┌─ Listed entries
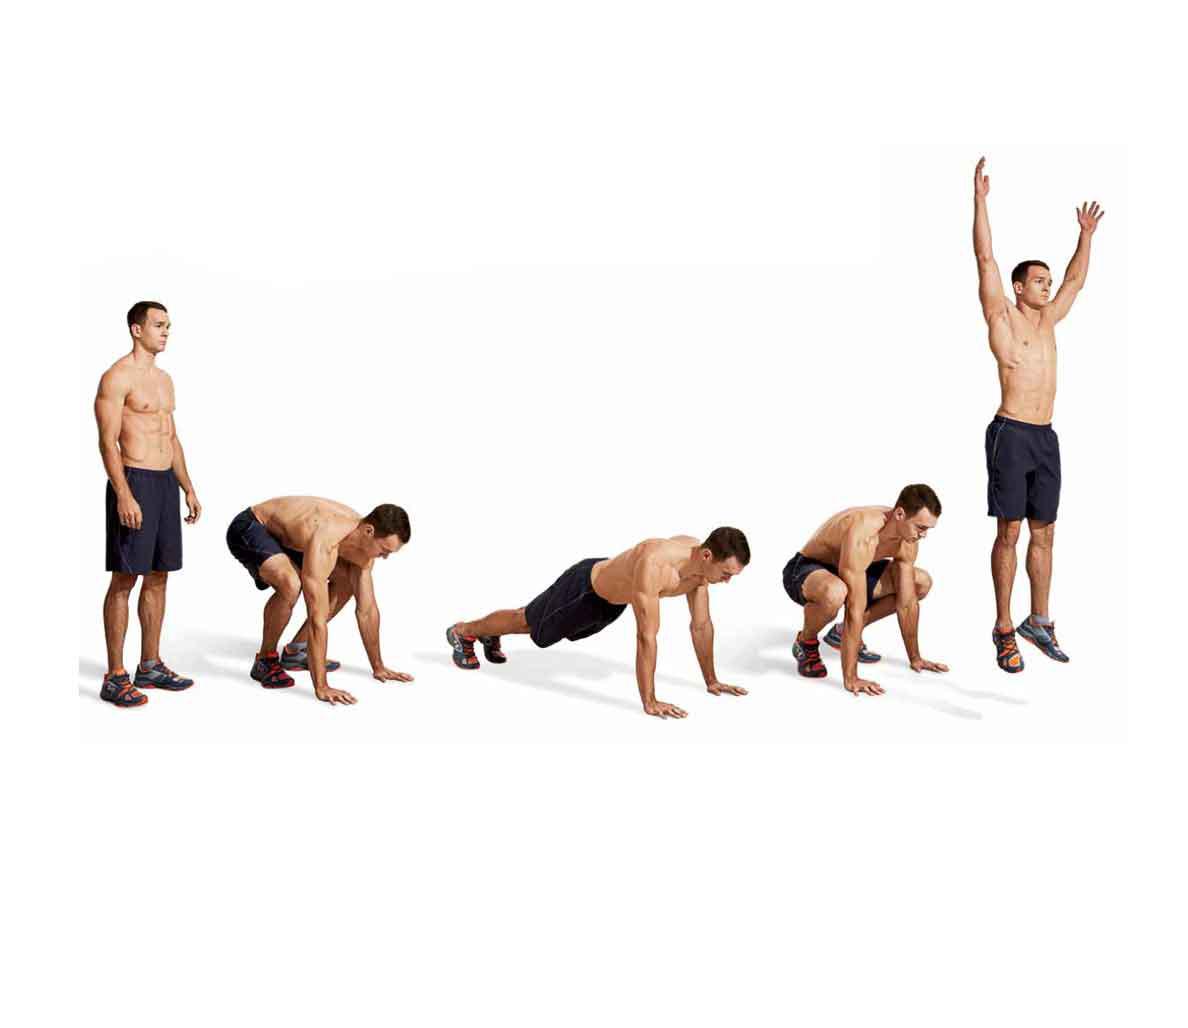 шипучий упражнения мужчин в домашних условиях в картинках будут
└─
┌─ Listed entries
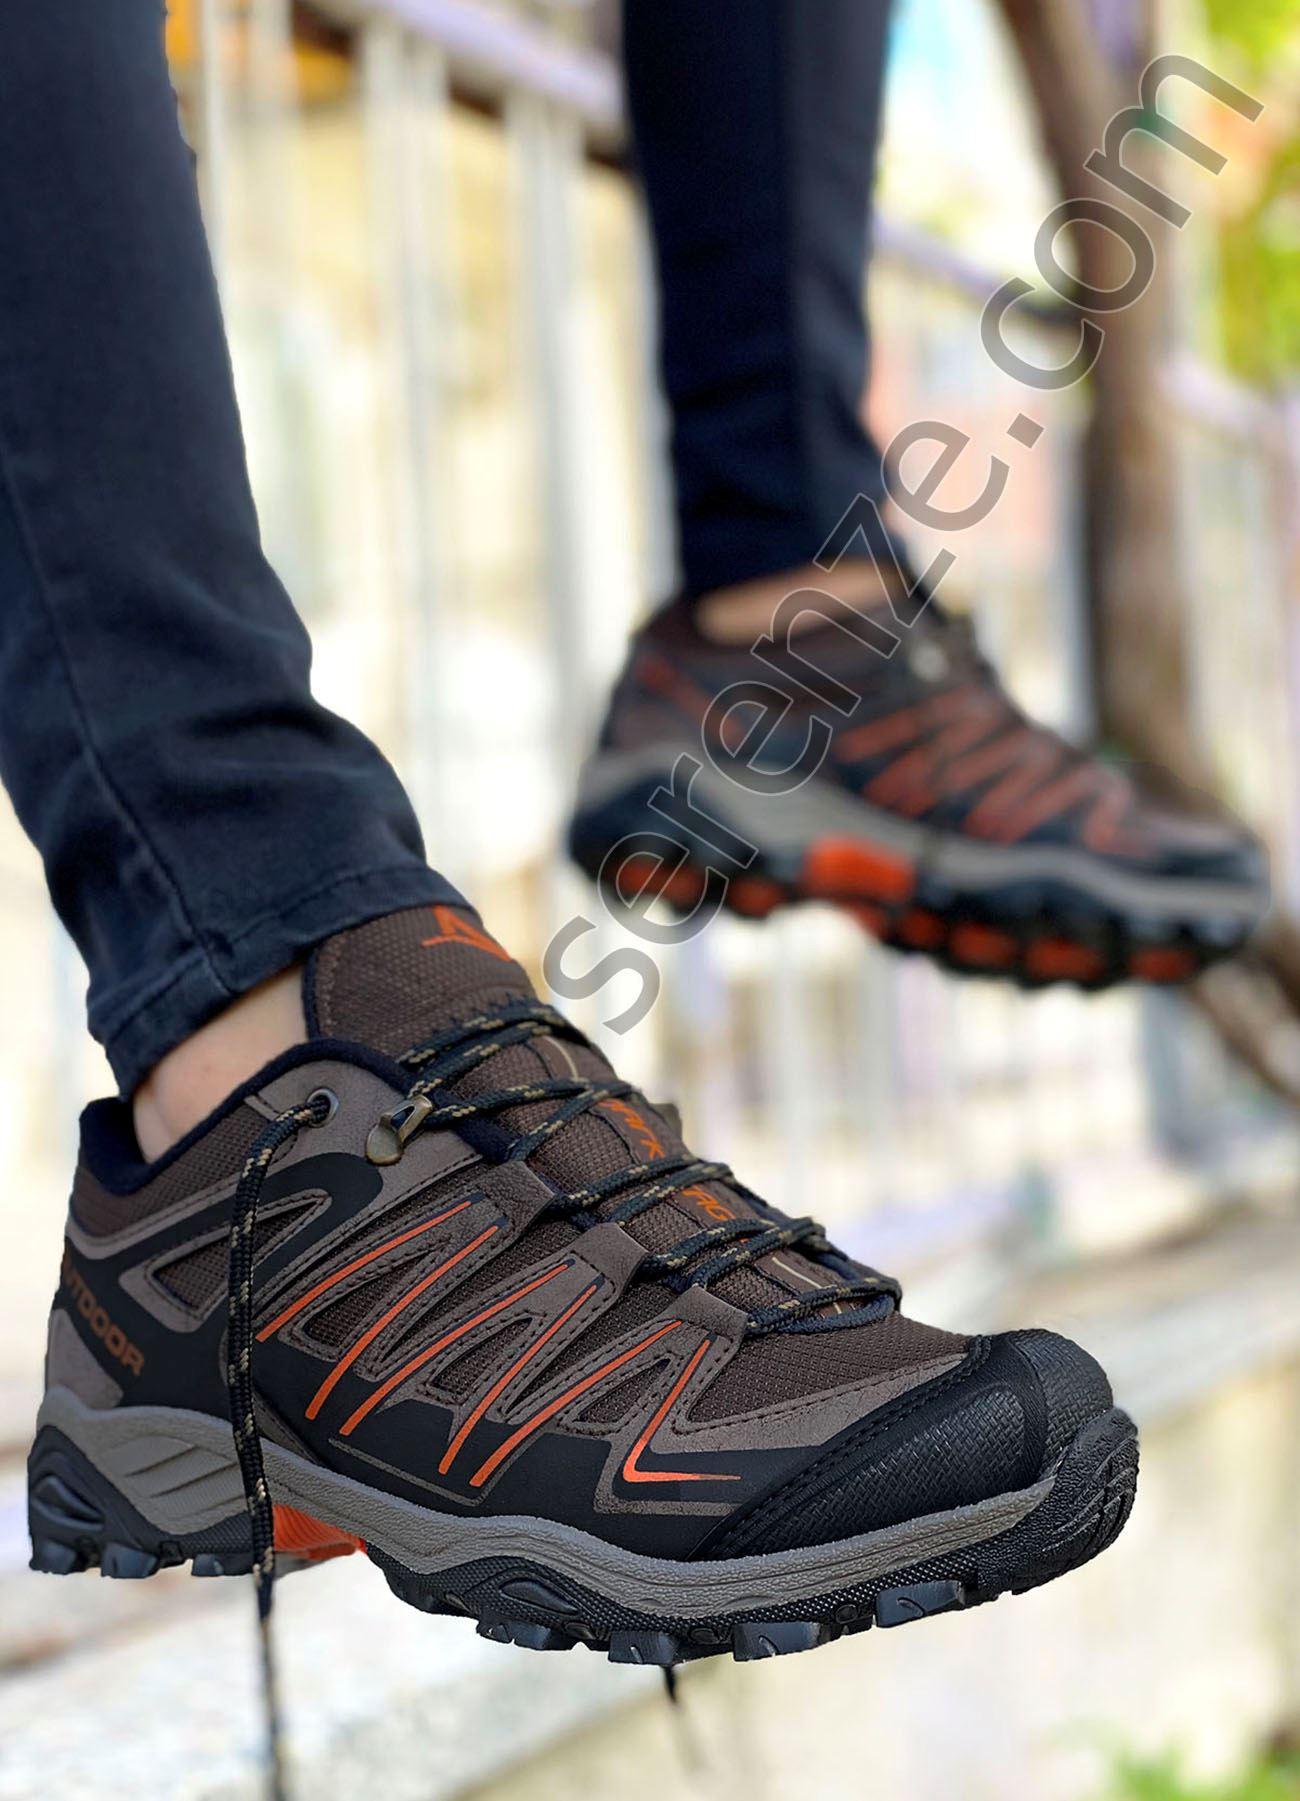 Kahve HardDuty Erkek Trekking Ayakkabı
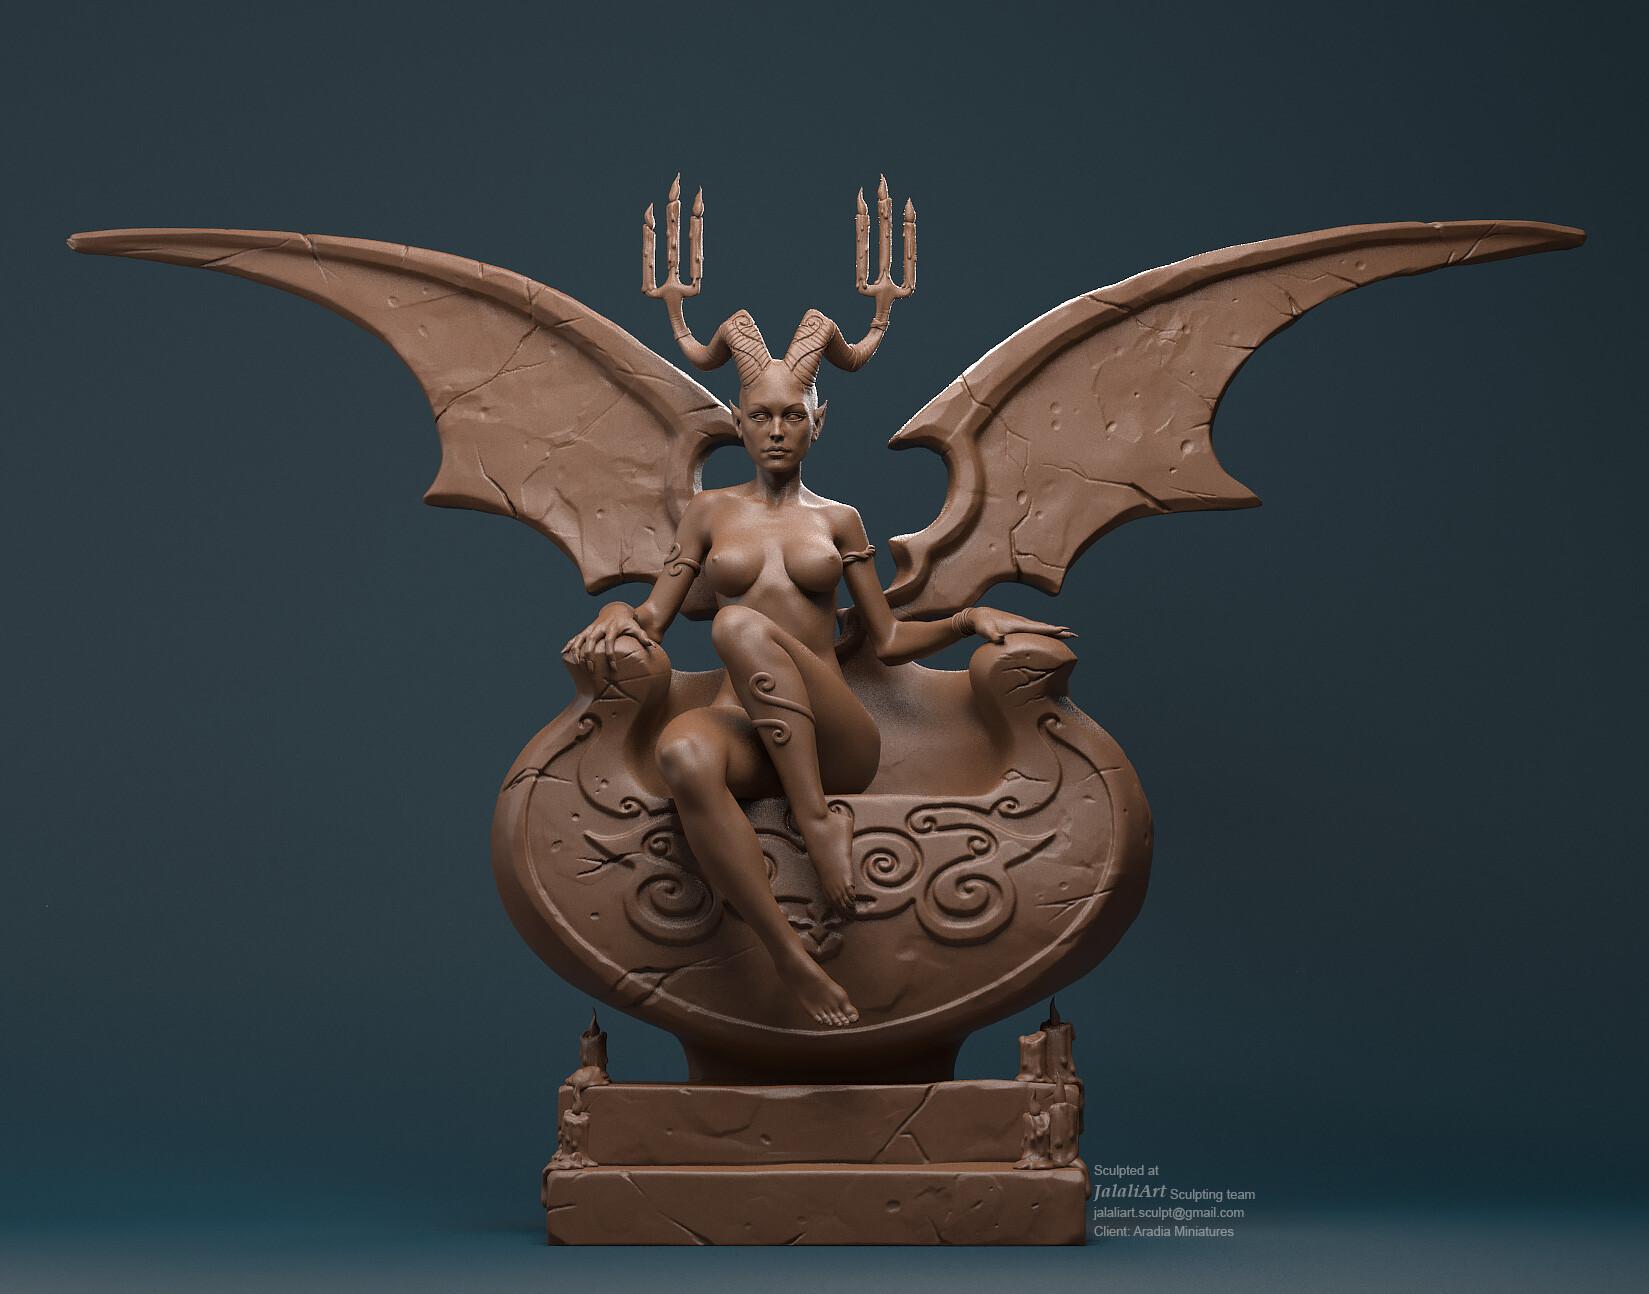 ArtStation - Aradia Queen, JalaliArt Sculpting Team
└─
Within the data above, repeat exactly the lines from the one bearing "Kahve HardDuty Erkek Trekking Ayakkabı" through the one bearing "ArtStation - Aradia". Include no pictures and nothing else.

 Kahve HardDuty Erkek Trekking Ayakkabı
 ArtStation - Aradia Queen, JalaliArt Sculpting Team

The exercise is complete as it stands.